In the computing paradigms layer, we target on implementing the most primitive operators used in graphs, such as joins, breath-first-search, depth-first-search, topological sort, spanning tree computation, etc.
In the query/mining primitives layer, we focus on designing some primitive operators for query processing and graph mining based on different semantics. For example, in query processing, we can design primitive operators depending on whether the query is a pattern, a set of nodes, or a set of keywords.

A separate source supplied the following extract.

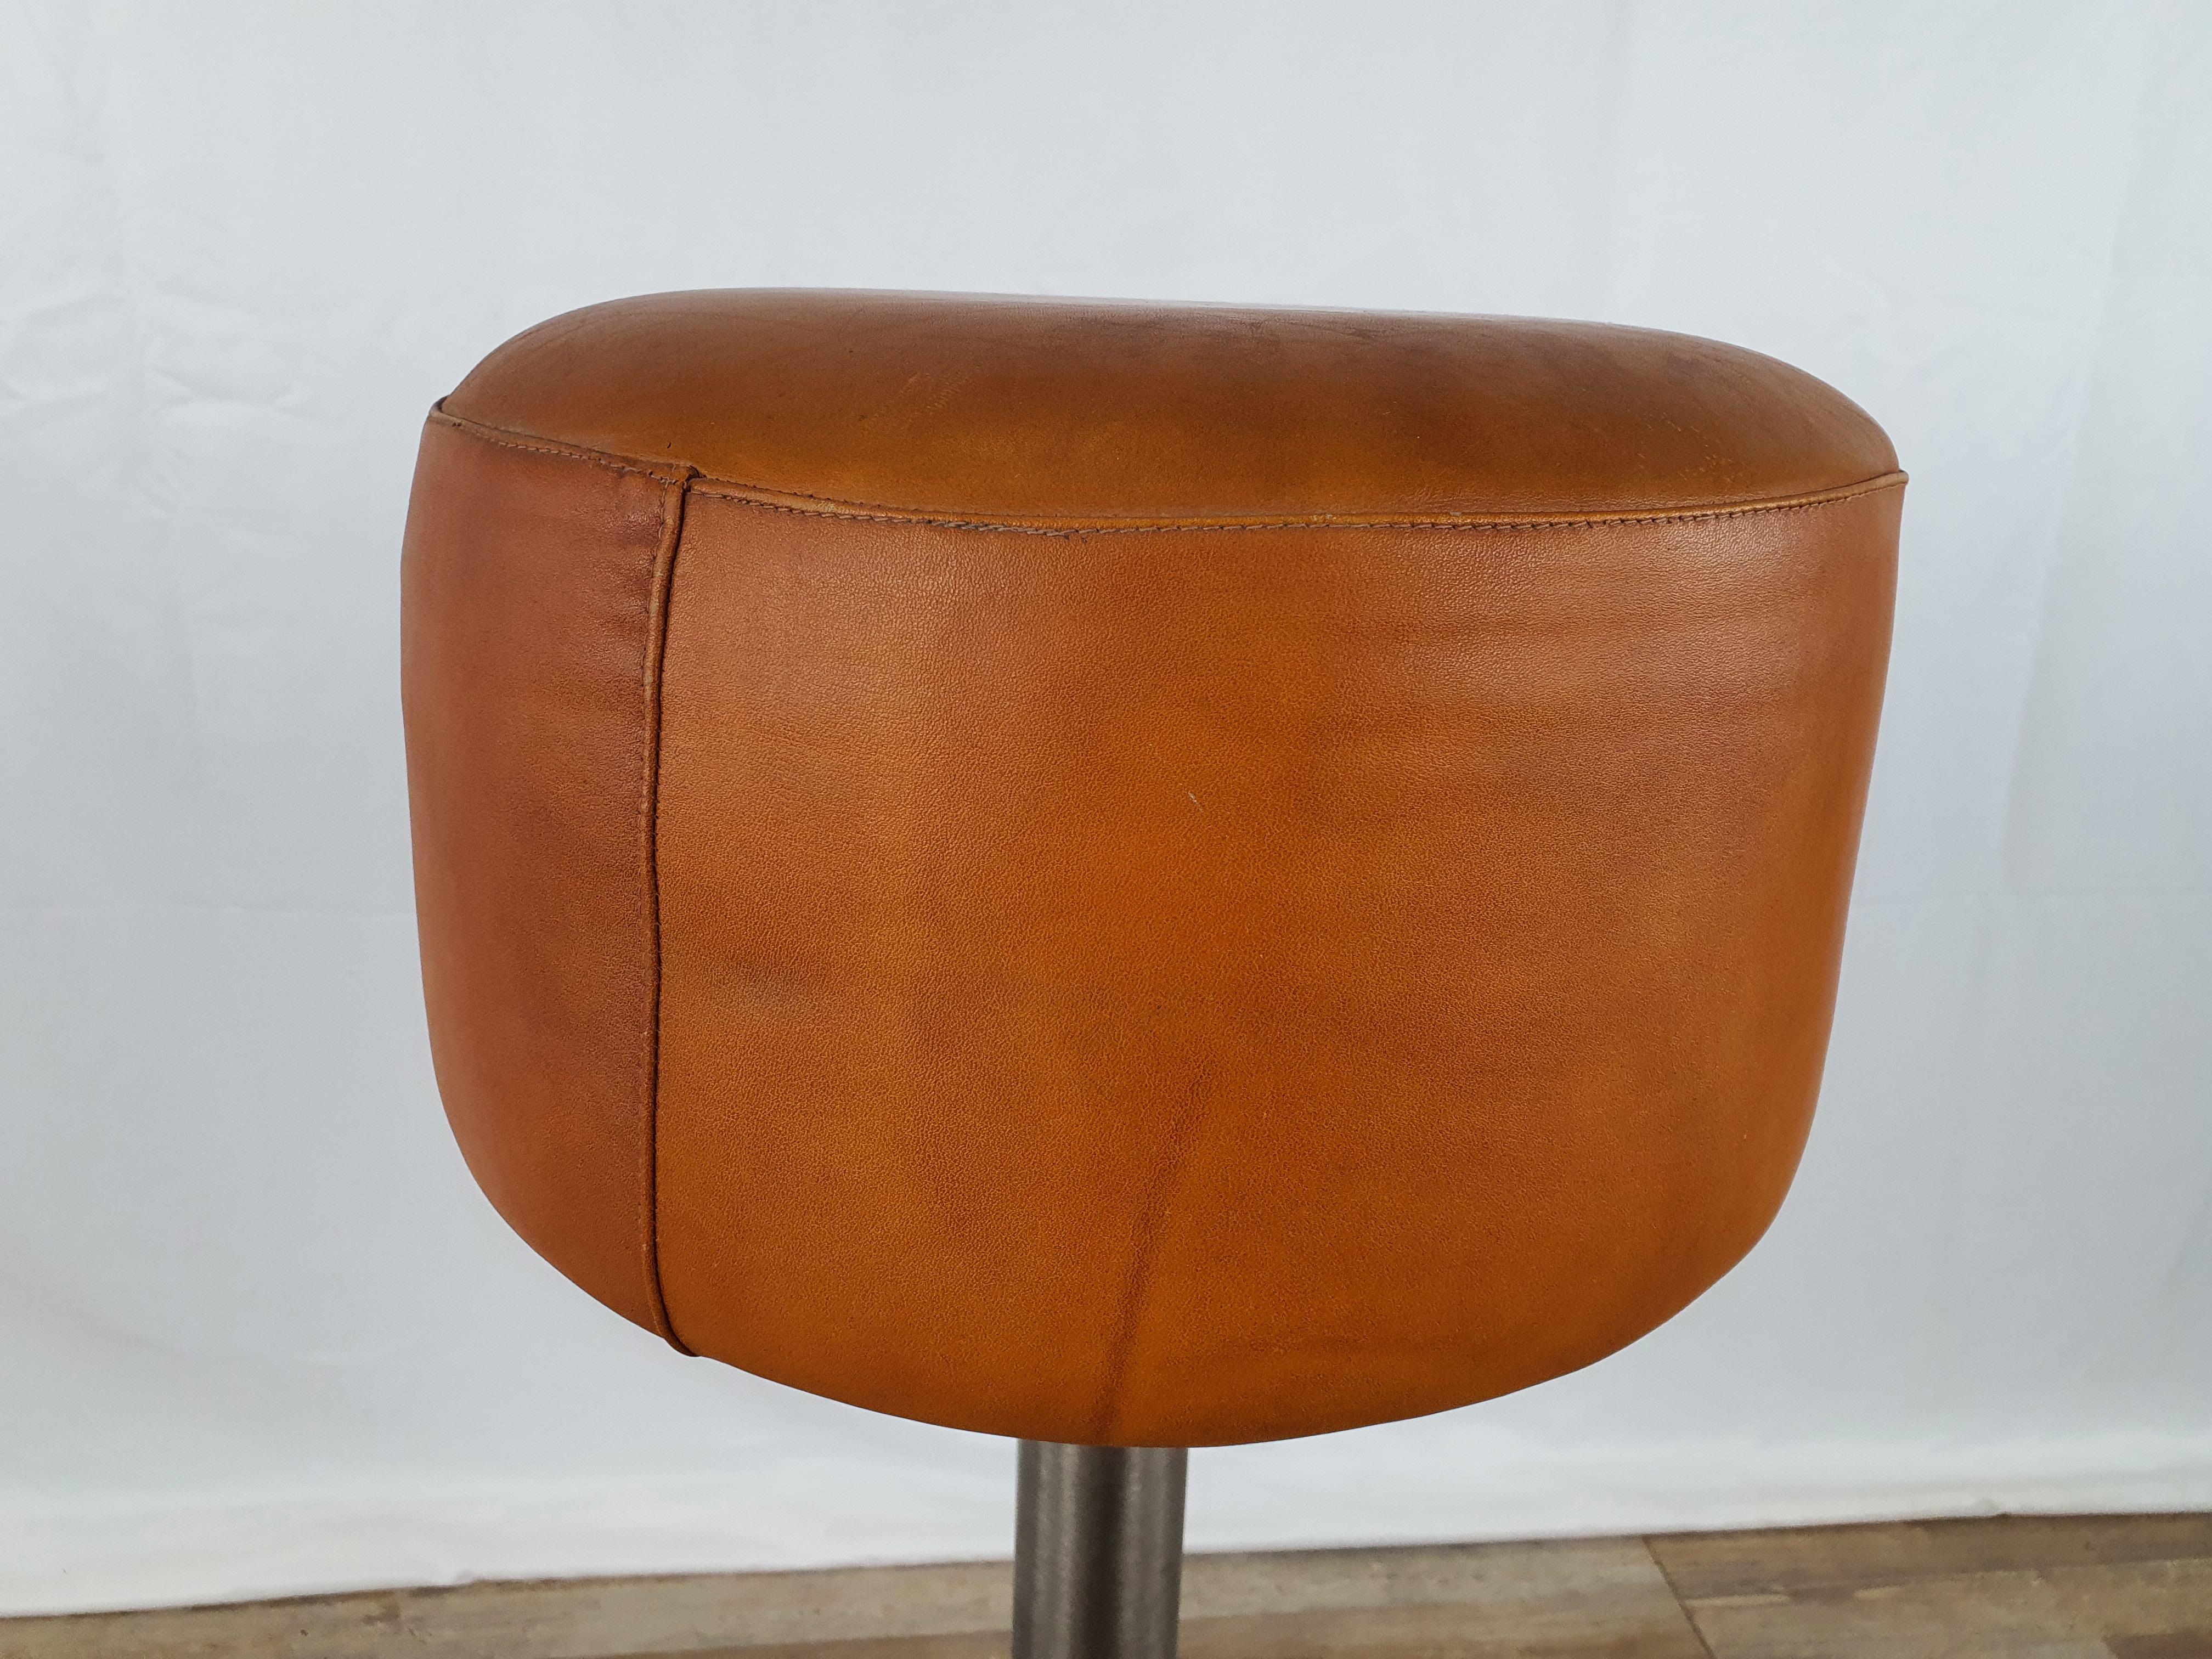 Metal stool from the early 1990s with circular seat in original orange leather and kept in perfect condition, as shown in the photos.

Very comfortable and rare to find, perfect for rooms or home kitchens with island or high dining

In graph mining, we can design primitive operators depending on whether the result are subgraphs or some aggregated information.
In the topmost application layer, we aim to combine different primitive operators to design algorithms that can be used in various application scenarios, e.g., social network, chemical, web search, etc.
For each layer we have published a large number of research papers in top database/data mining conference/journals.
Following the same framework, our future developments aim to enrich each component of our system from the data layer to the application layer, so that we can finally deliver a general-purpose graph processing system that integrate all graph semantics, data environments, and computing models for various applications.
As a conclusion, the emerging of the era of big data brings a number of new challenges for the traditional graph processing techniques including new graph semantics, new mining tasks, new query processing algorithms, new indexing techniques, and new computing models. However, graphs are still becoming larger, and more complex. Big graph processing is still on its early stage since many challenges are still unsolved. There are more opportunities for us to explore the unknown world!